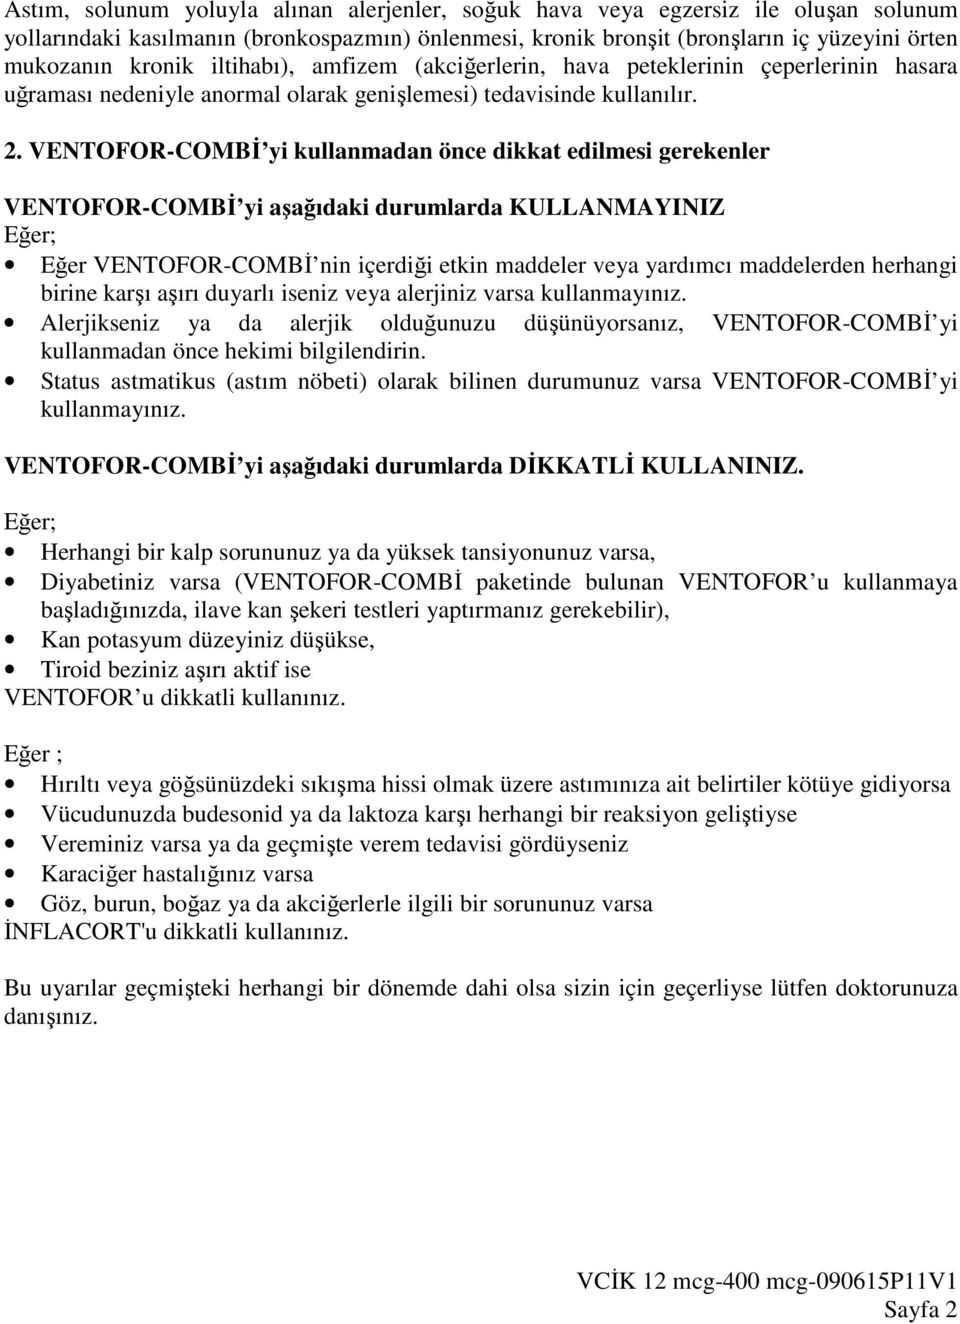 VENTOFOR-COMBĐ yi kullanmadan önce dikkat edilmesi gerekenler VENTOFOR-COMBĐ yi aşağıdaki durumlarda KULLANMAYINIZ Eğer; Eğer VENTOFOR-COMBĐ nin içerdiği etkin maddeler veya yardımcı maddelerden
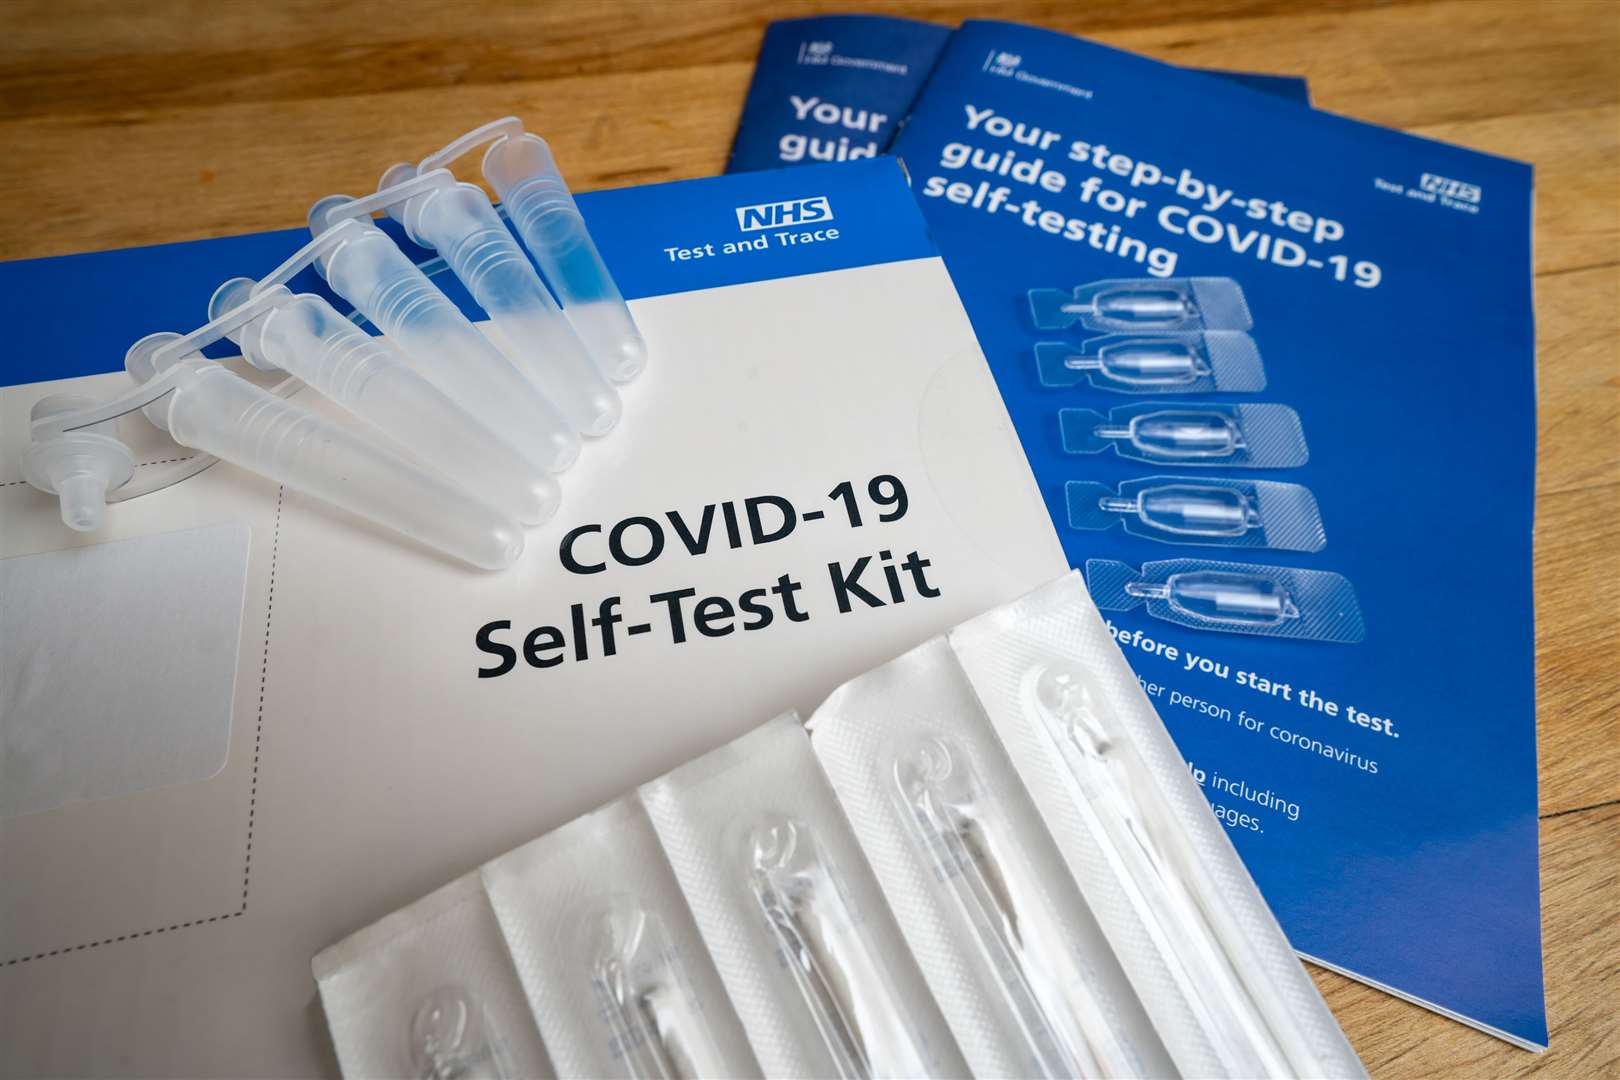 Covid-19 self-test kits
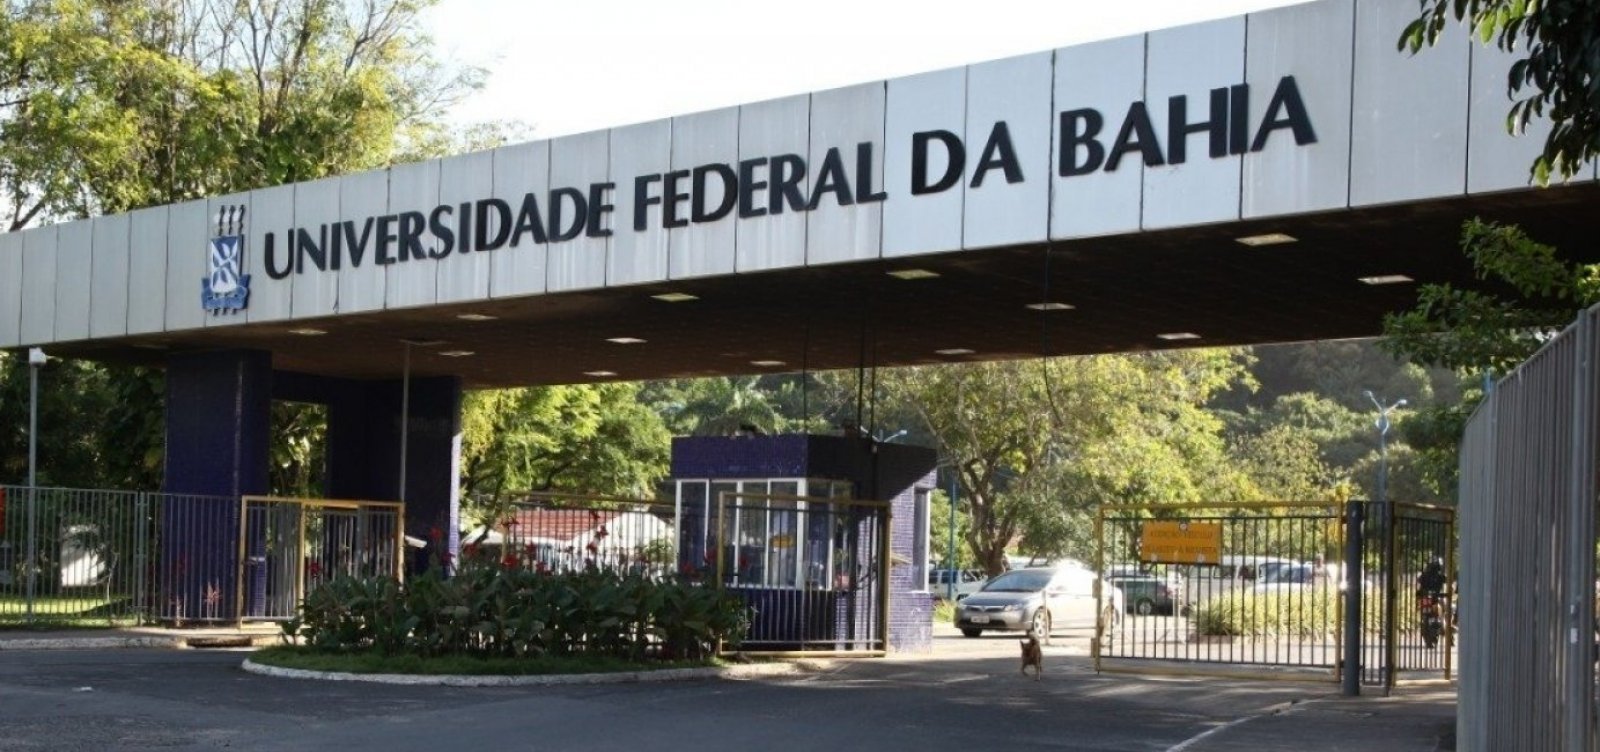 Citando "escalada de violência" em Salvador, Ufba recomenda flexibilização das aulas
========================================
What you are asked to do: Every line from the start of the material through the line holding "Covid-19 self-test kits" must be returned exactly, and the pictures must not.

Output of the task:
 VENTOFOR-COMBĐ yi kullanmadan önce dikkat edilmesi gerekenler VENTOFOR-COMBĐ yi aşağıdaki durumlarda KULLANMAYINIZ Eğer; Eğer VENTOFOR-COMBĐ nin içerdiği etkin maddeler veya yardımcı maddelerden
 Covid-19 self-test kits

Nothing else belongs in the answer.